EXERCISE: From the data underneath, reproduce exactly the stretch that begins at the line with "Model in Off" and ends after the line with "Fondo de pantalla de John Wick 2 Imágenes".

(Beginning of STUDY MATERIAL)

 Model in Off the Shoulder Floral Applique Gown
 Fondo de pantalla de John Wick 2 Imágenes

(End of STUDY MATERIAL)
(Beginning of STUDY MATERIAL)

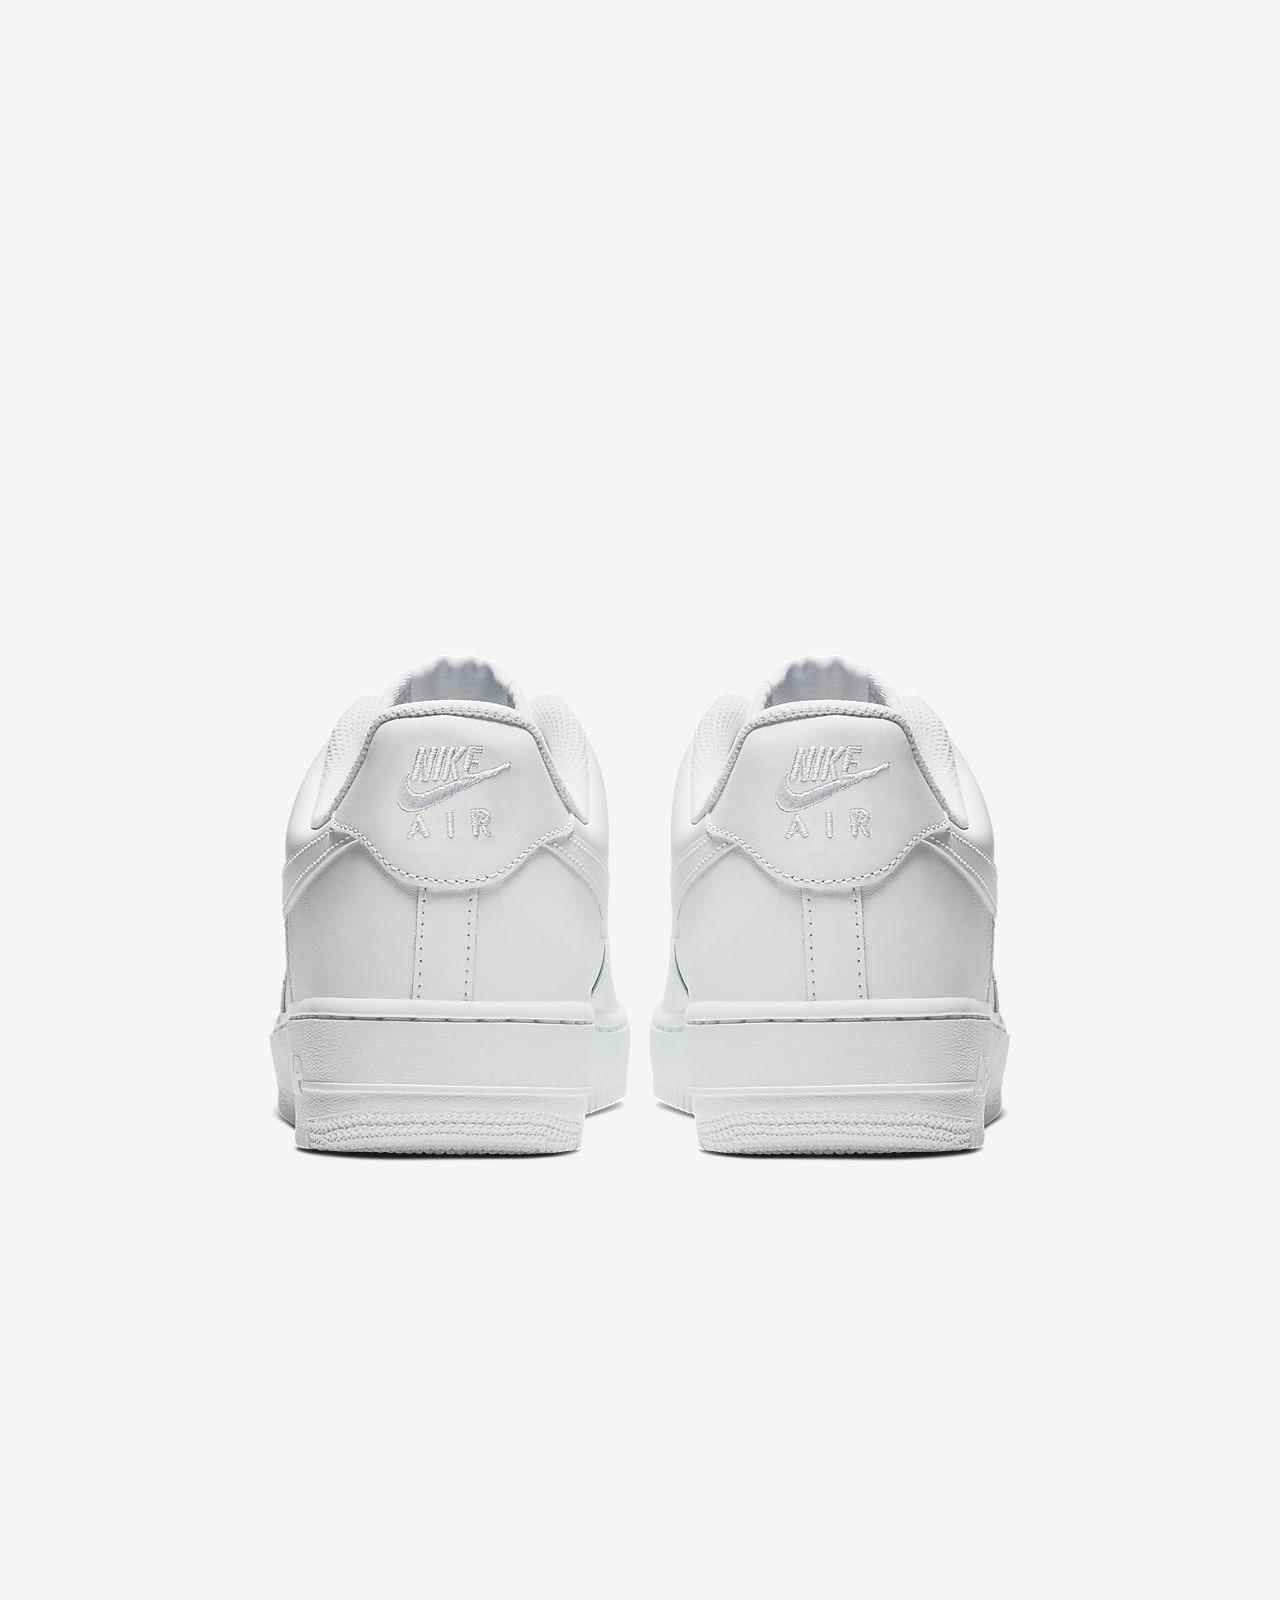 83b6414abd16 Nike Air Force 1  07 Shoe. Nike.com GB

(End of STUDY MATERIAL)
(Beginning of STUDY MATERIAL)

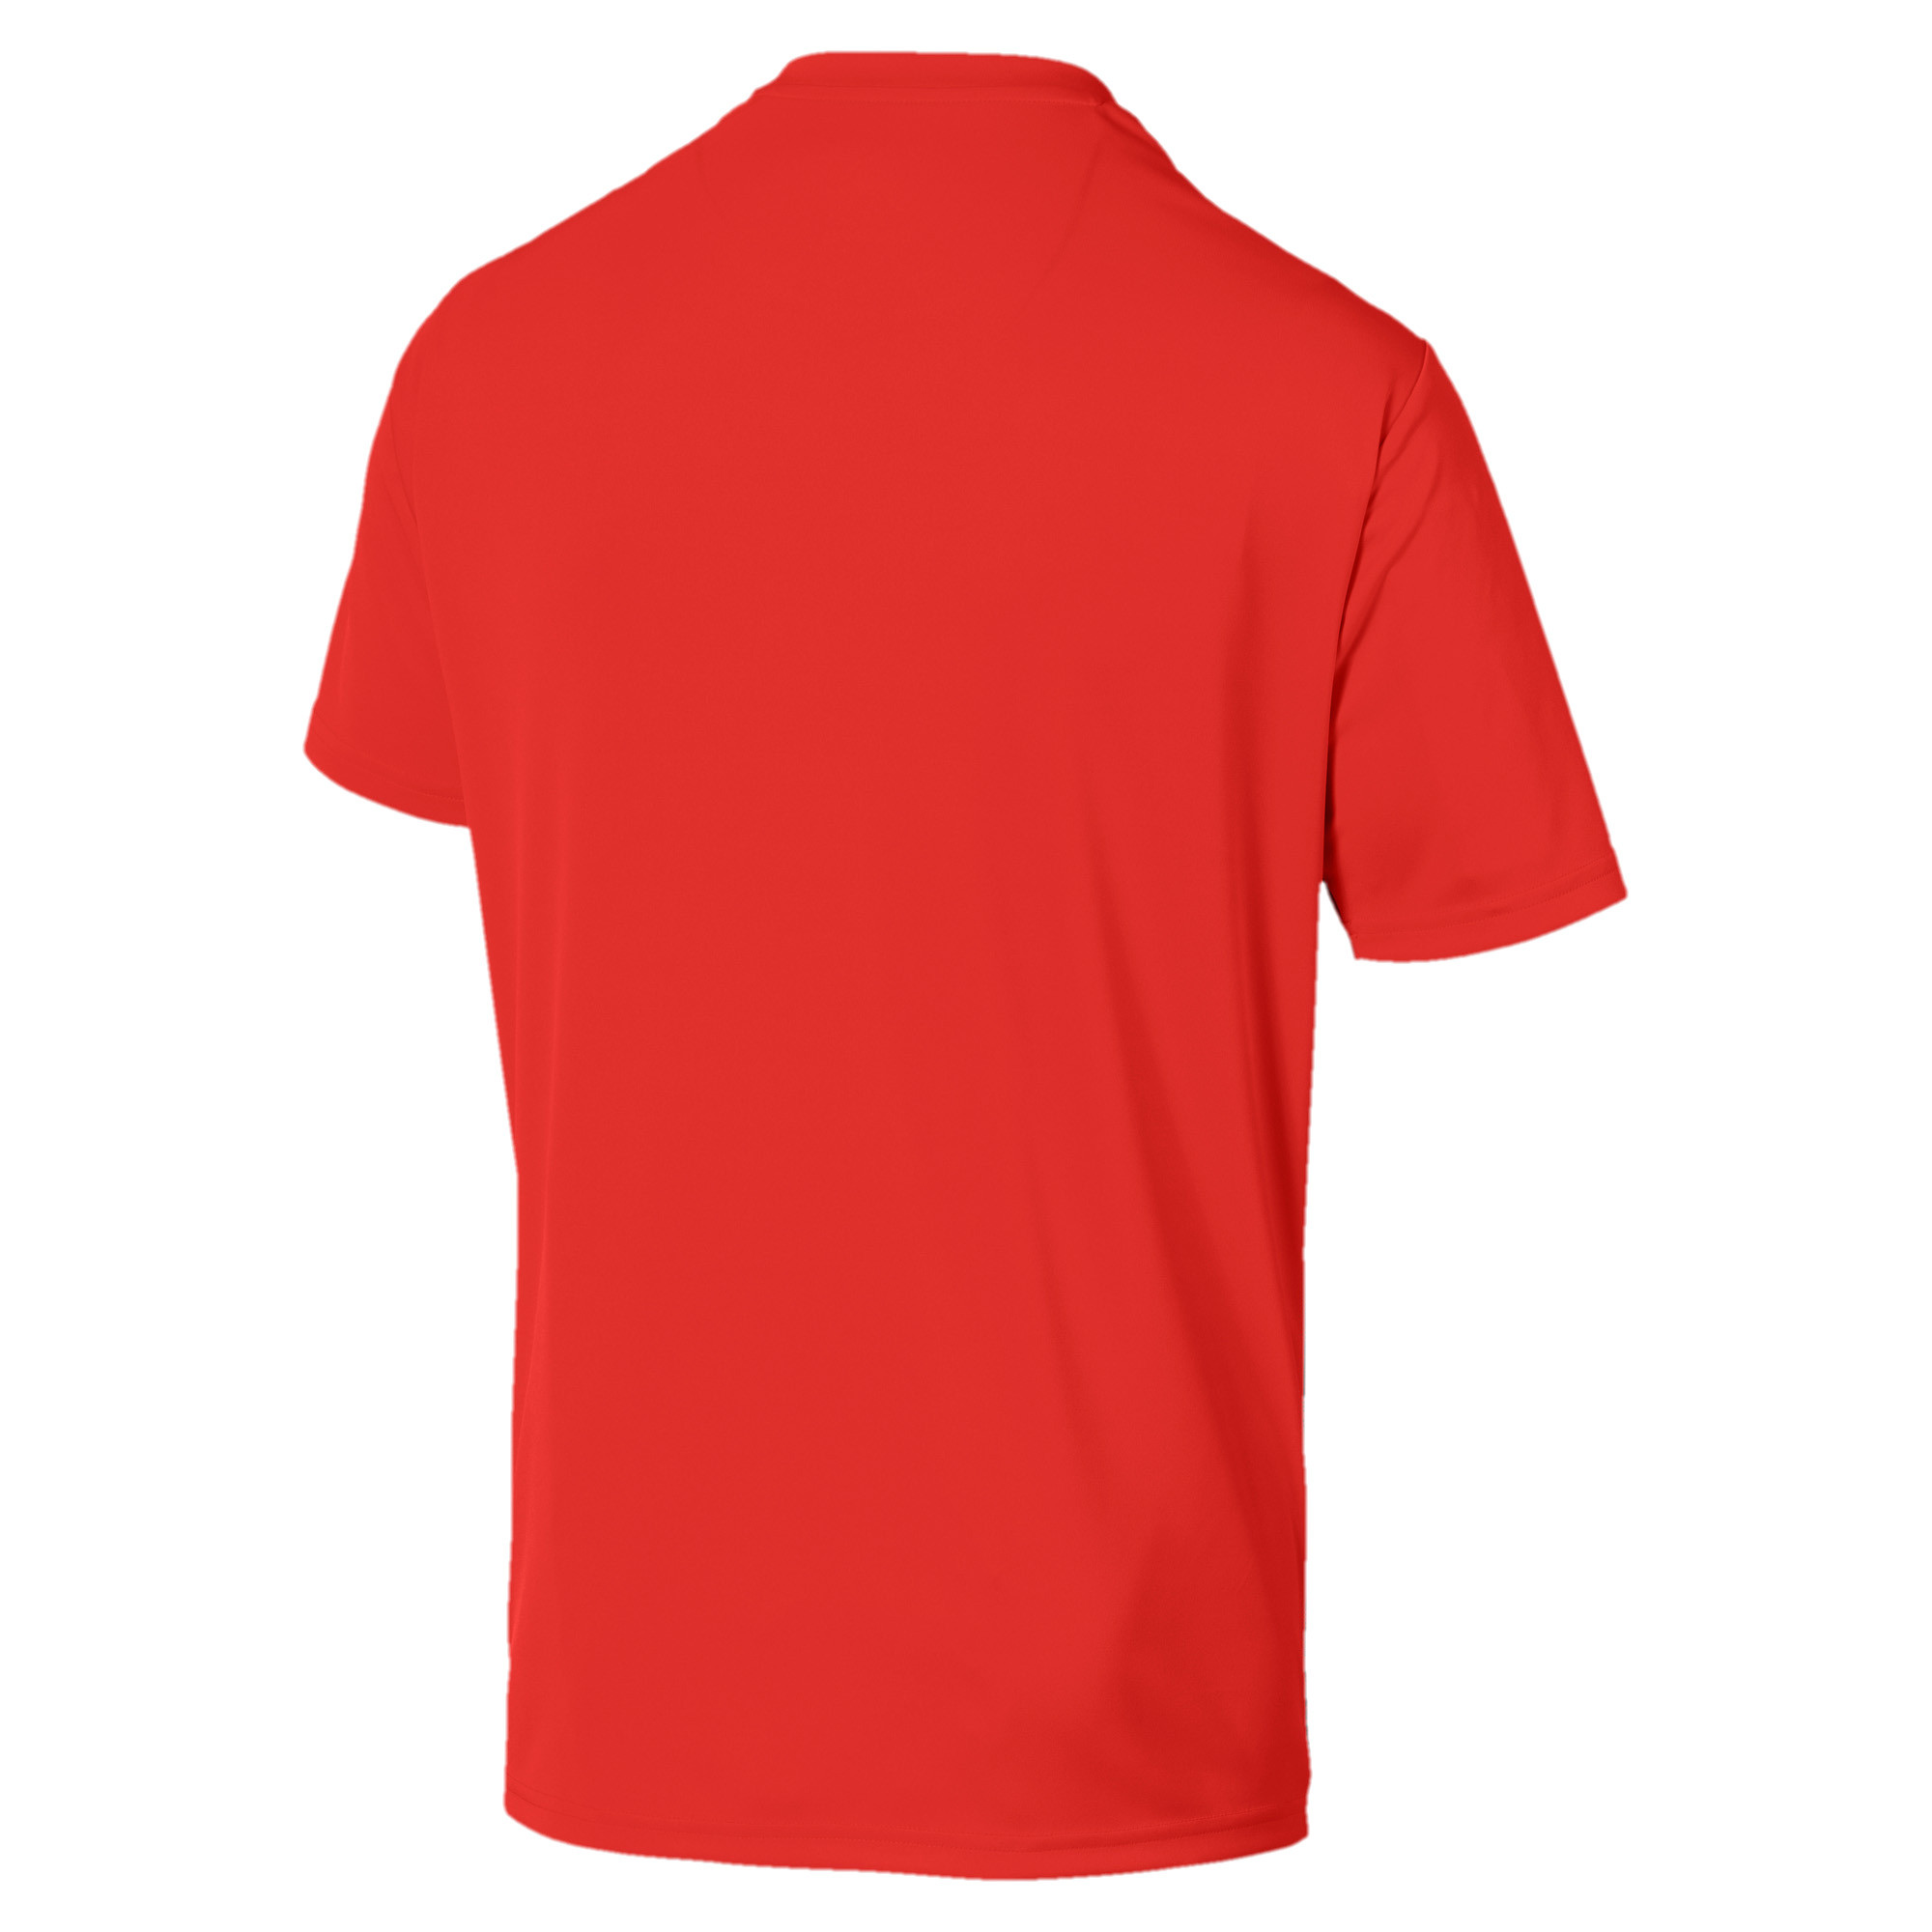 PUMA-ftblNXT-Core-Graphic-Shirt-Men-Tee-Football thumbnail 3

(End of STUDY MATERIAL)

ANSWER TO THIS TASK:
 Model in Off the Shoulder Floral Applique Gown
 Fondo de pantalla de John Wick 2 Imágenes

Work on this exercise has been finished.